Mention of Lexi nearly has me losing my lunch, and all those thoughts from only minutes ago come storming back into my mind with a vengeance. “You certainly had a killer one, though. I mean, I know I don’t know a lot about hockey, but two shutouts in the conference finals sounds really impress—”

“I think it’s time we call it quits with this whole fake relationship thing.”

The words leave my mouth before I can even weigh the pros and cons of them, and their bitter taste causes my stomach to revolt. The nauseous feeling only gets worse when I finally look at him, noting the confusion in those cracked-clay irises.

“O-okay,” he says slowly, brows knitting together. “Can I…ask why?”

Because I’m in love with you…and you’re in love with her.

I don’t say it, though, and not because admitting those words aloud would mean admitting to eavesdropping on him. I don’t care about that. I just want to walk away from this with some shred of dignity left.

And I wanna do it before he can break my heart any more than he already has.

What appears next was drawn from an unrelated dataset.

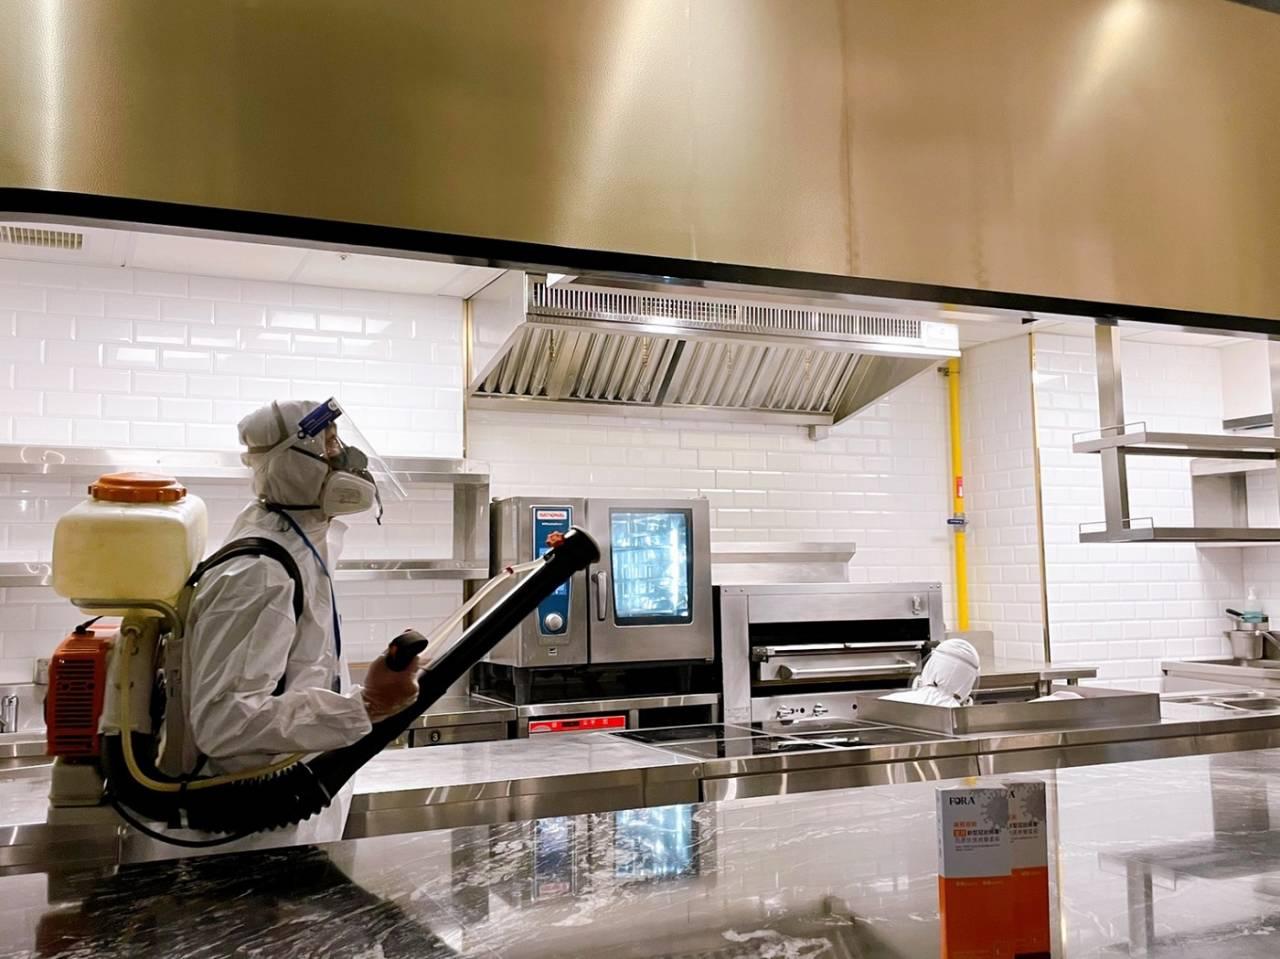 餐飲今起開放內用 王品估營收可增30%、速食業要等到8/3

“I, uh… I just talked to Louis on my way home, and he said all the crap from the video is in the rearview now. Managers aren’t concerned anymore, and thanks to how well I’ve been playing, I’m actually projected to go pretty high up in the draft. Higher than normal for a goalie.”

I rub my palms on my pants, feeling my composure starting to slip as his face begins to fall, so I look away and rush to get the rest out.

“I know we said it was smarter to wait until June, after the draft, but I don’t really see the need now. We accomplished what we needed to on my end, and your parents have been pretty chill, right? Not on your ass as much?”

Though I know I shouldn’t, I can’t stop my gaze from lifting to him, watching as he blinks rapidly and stumbles through his thoughts before answering.

“I, uh…yeah. Right. They have been.”

My teeth grind together at the lie, hard enough to crack a molar, but it’s my heart that shatters in my chest from knowing it’s a lie in the first place. And as much as I want to hate him for it, I can’t. It’s my own fault for not seeing the truth.

For believing him when he said I could never just be a night or two to him.

“So we’re in agreement, then?” I rasp, the words jagged and raw as they leave me.